*** Opening Given material ***

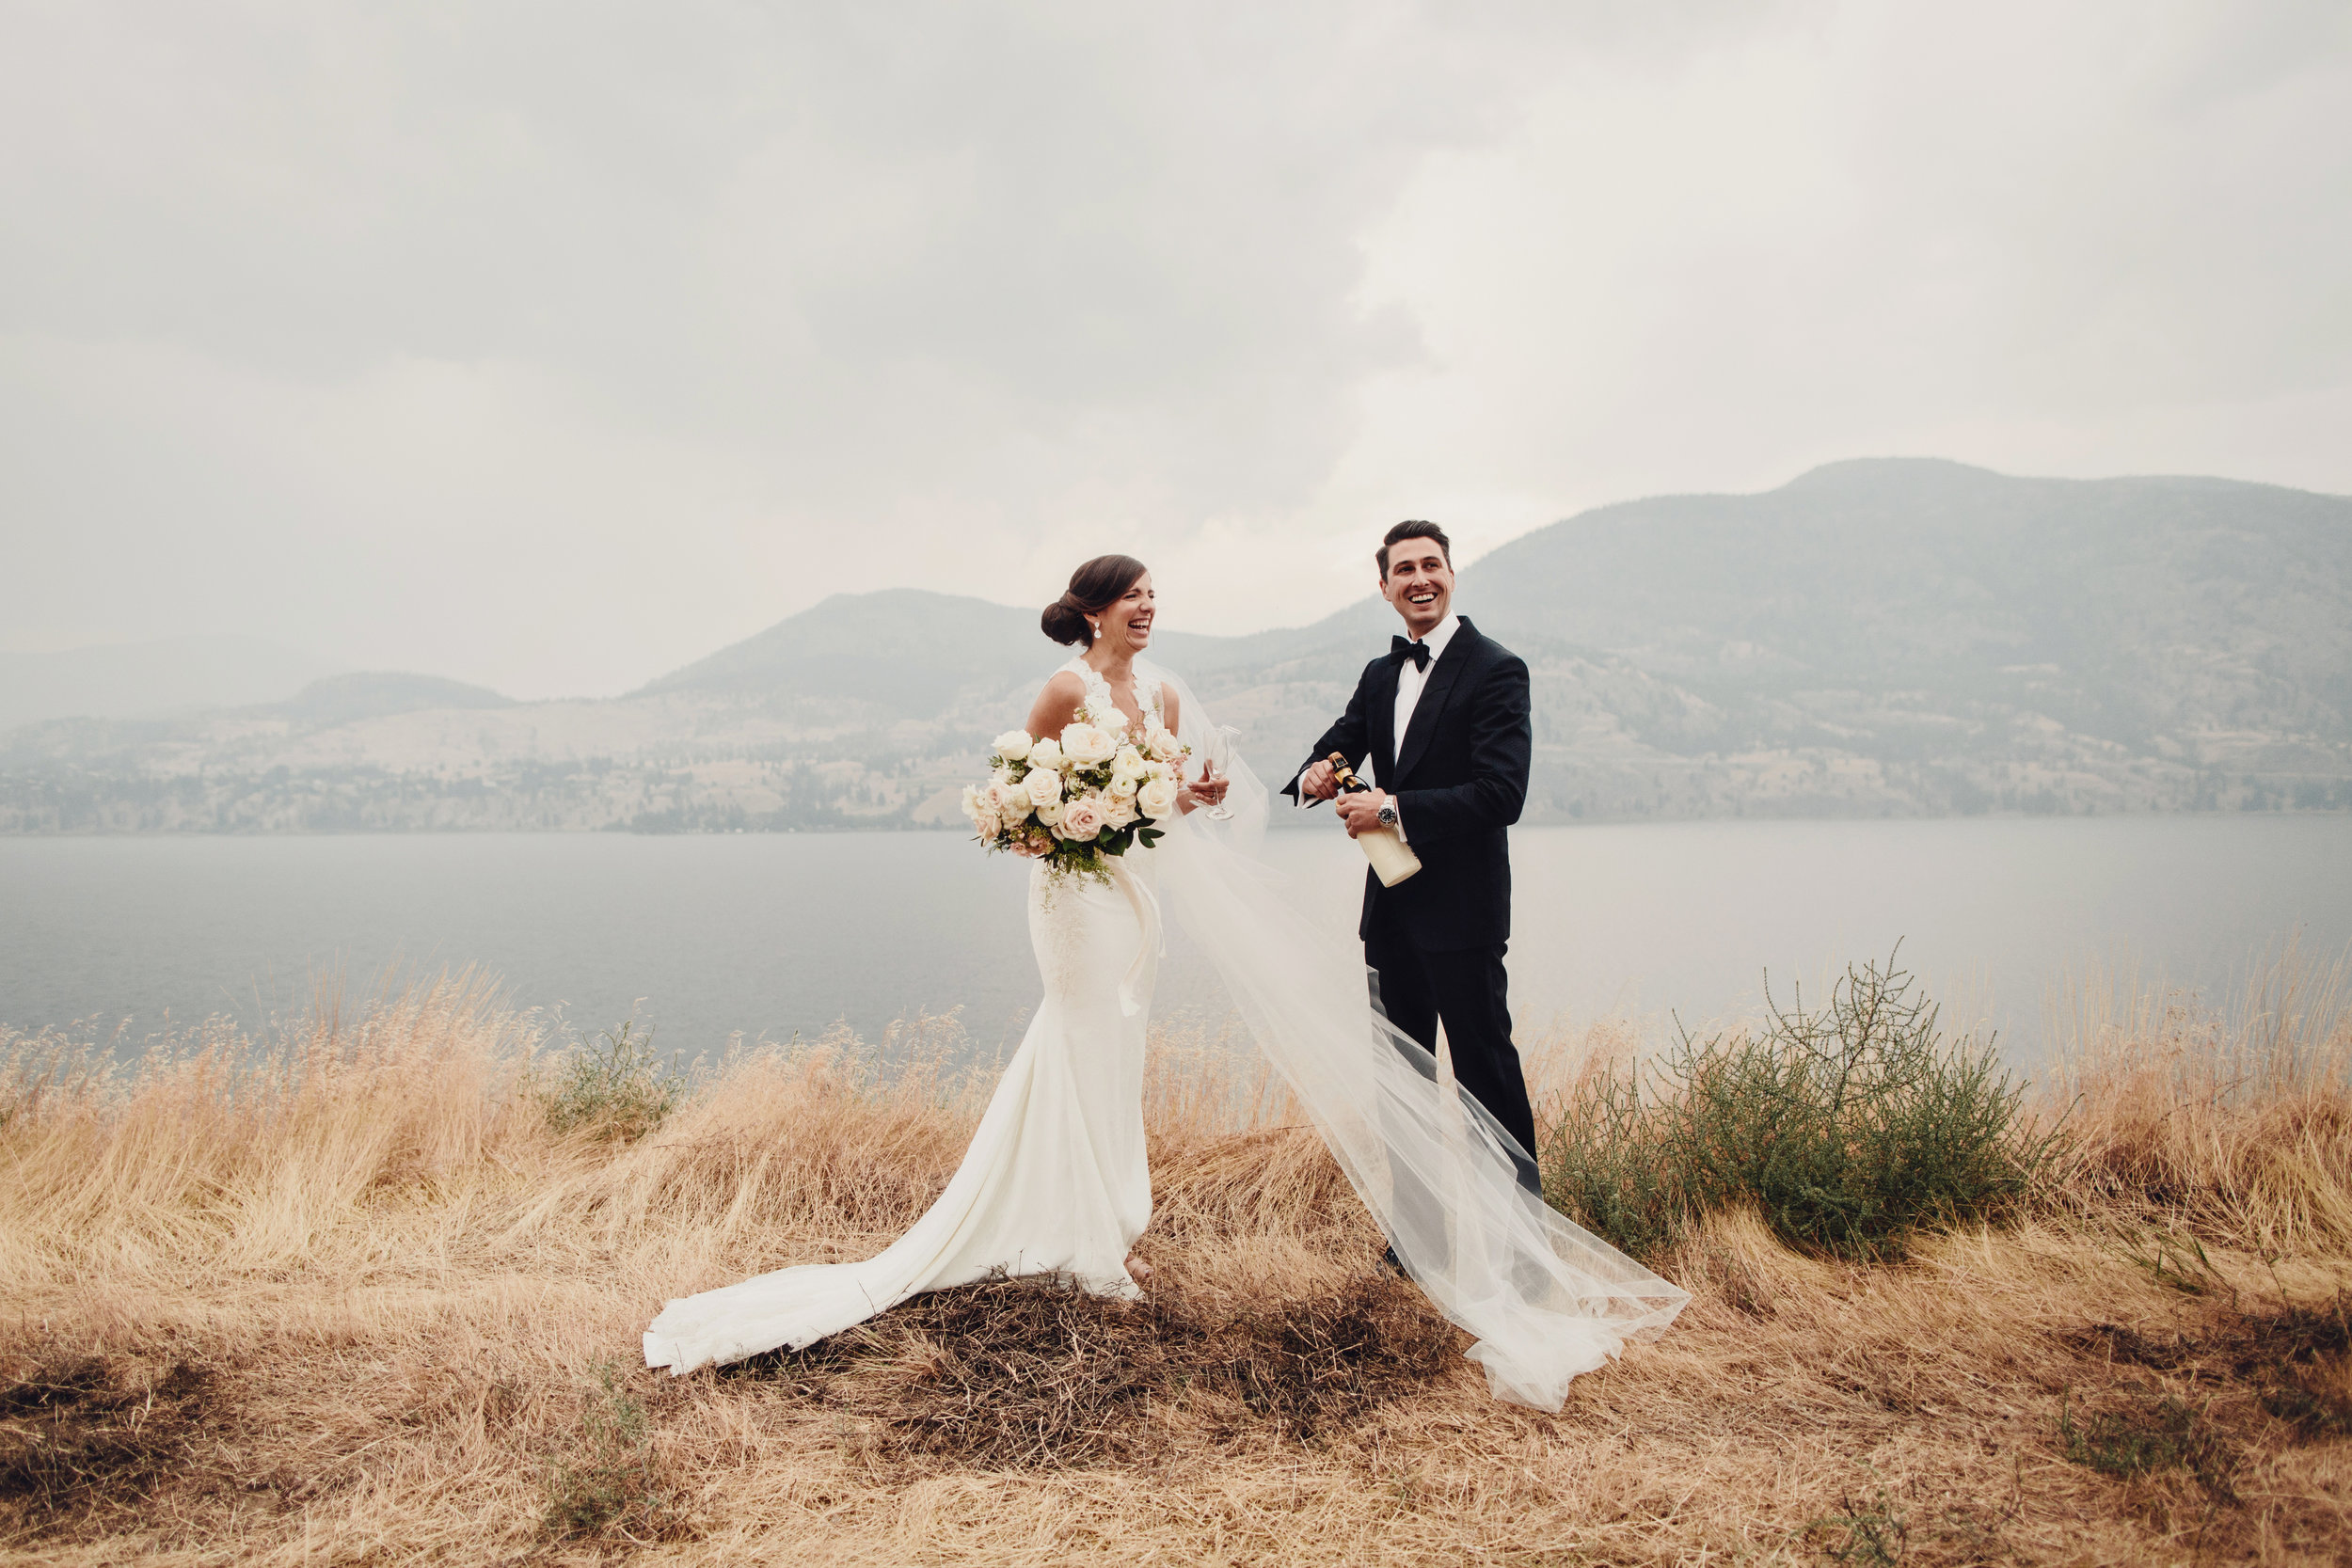 taylor-roades-wedding-0663.JPG
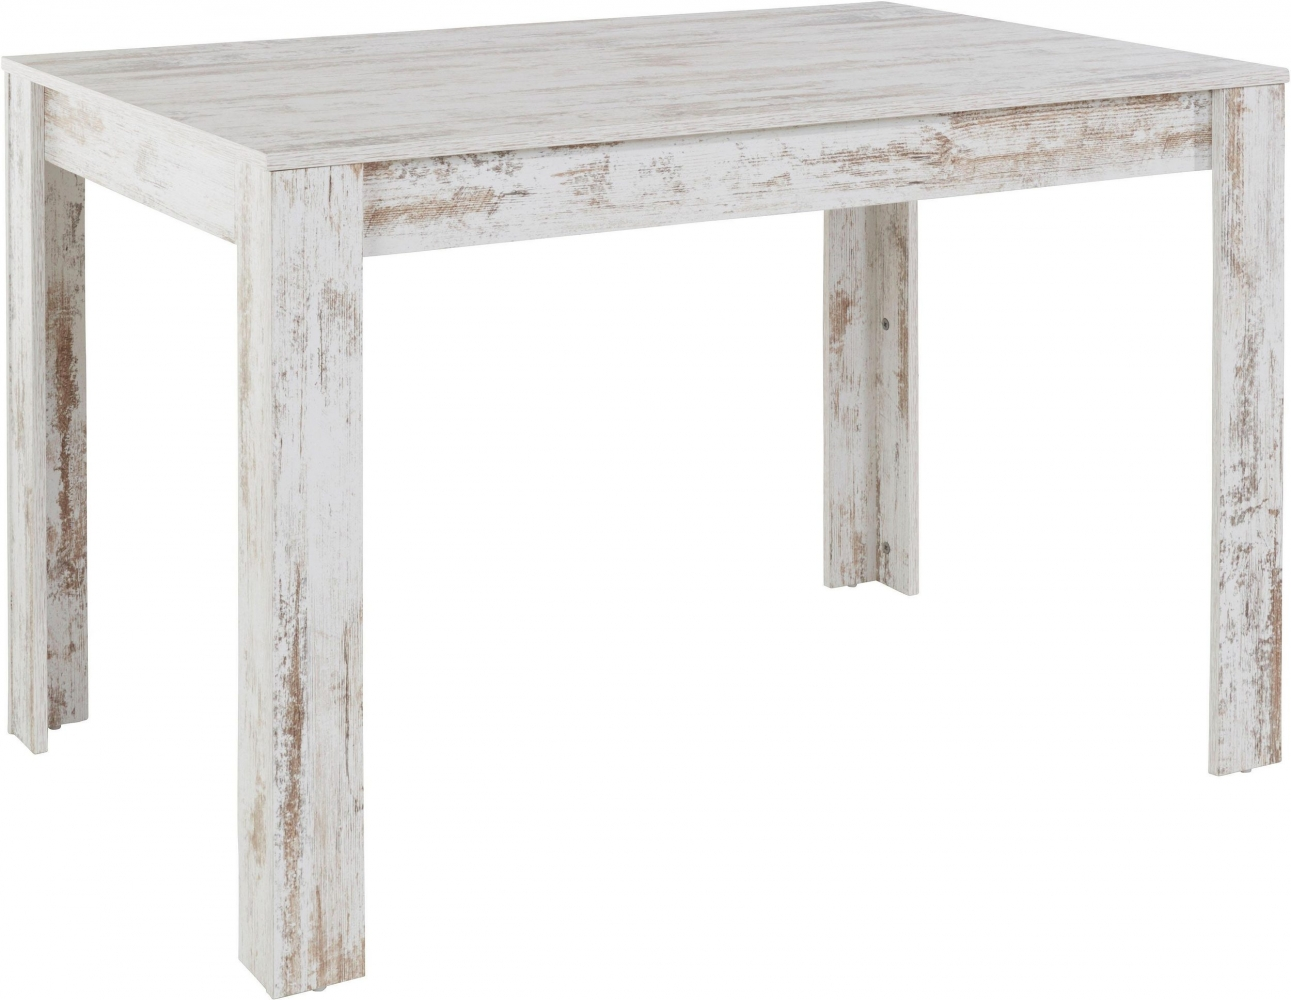 Jídelní stůl Lora II., 120 cm, bílá
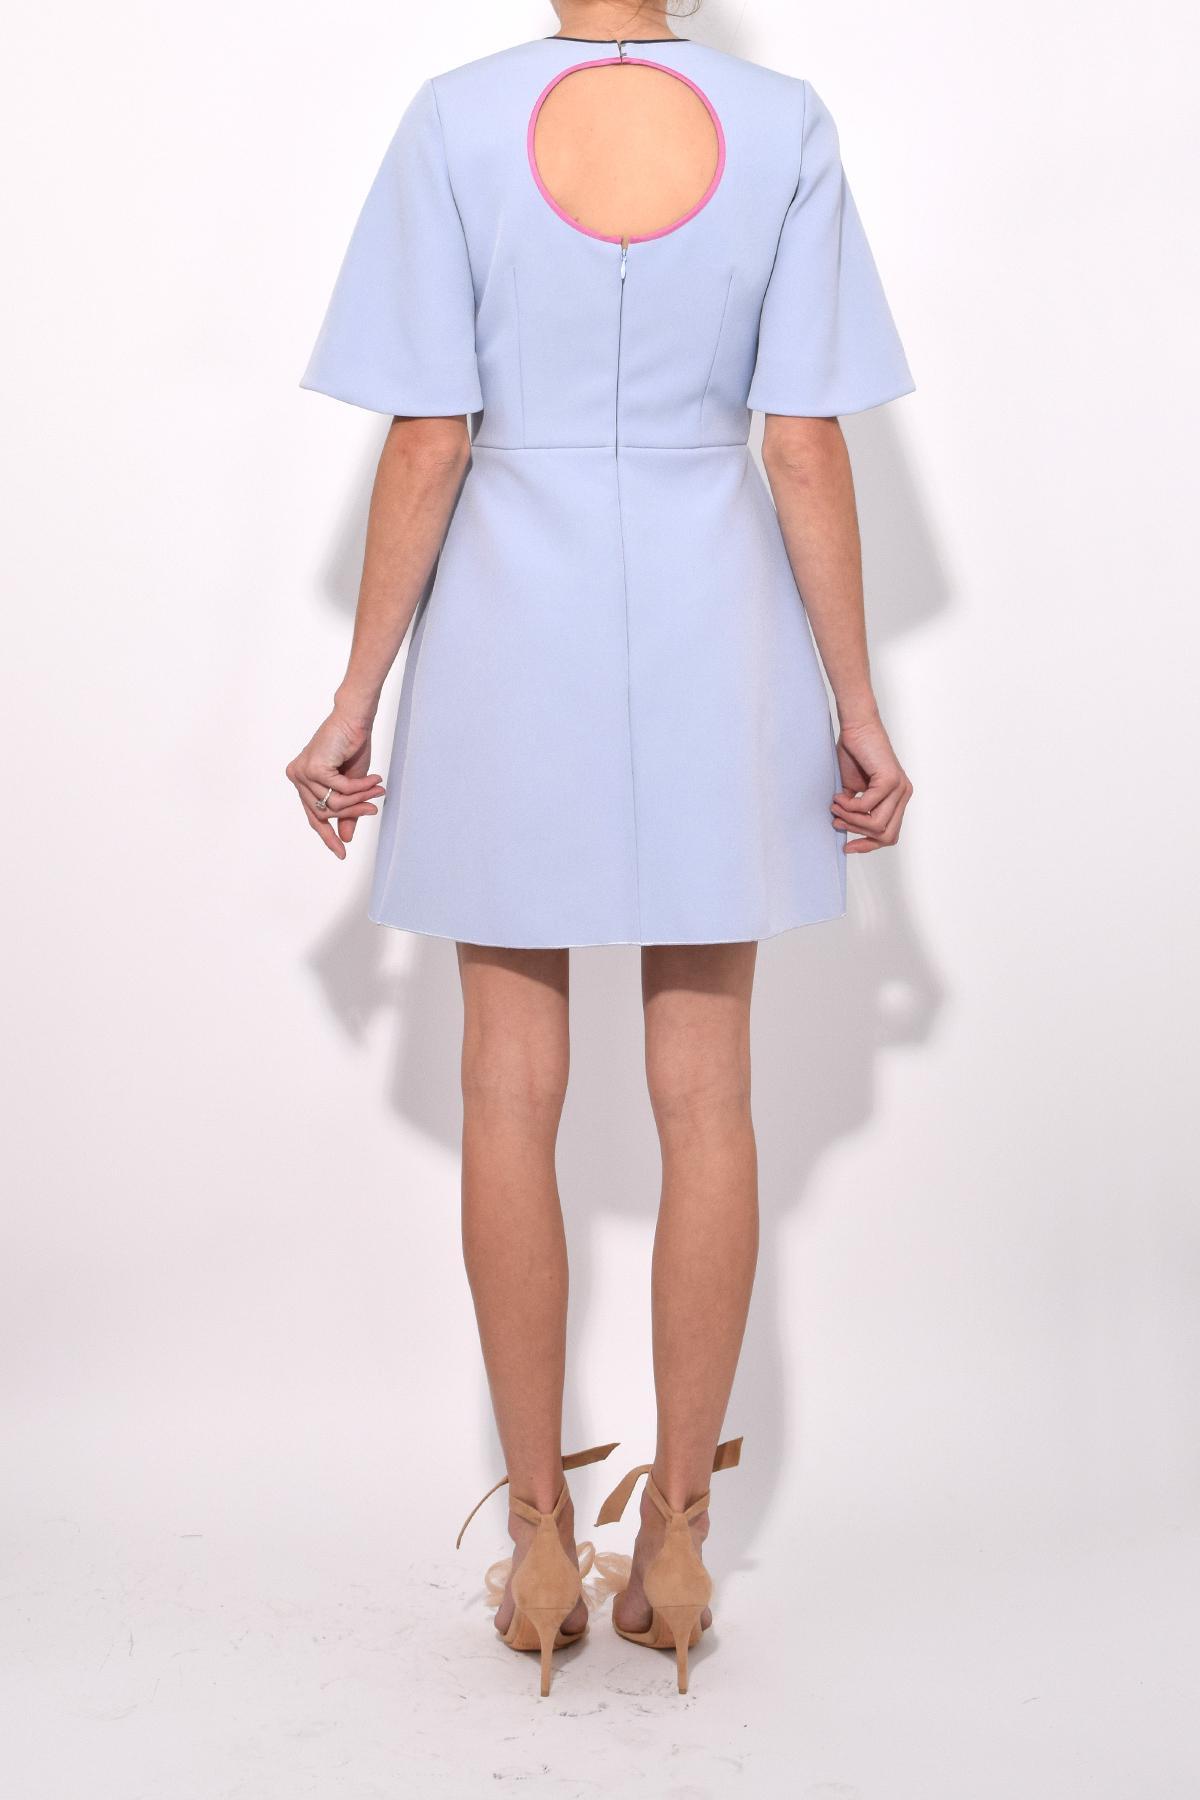 Layken dress Roksanda Ilincic 1M4gc

*** Closing Given material ***

Please write out all the data word for word, but keep every picture out.

_Answer:_
 taylor-roades-wedding-0663.JPG
 Jídelní stůl Lora II., 120 cm, bílá
 Layken dress Roksanda Ilincic 1M4gc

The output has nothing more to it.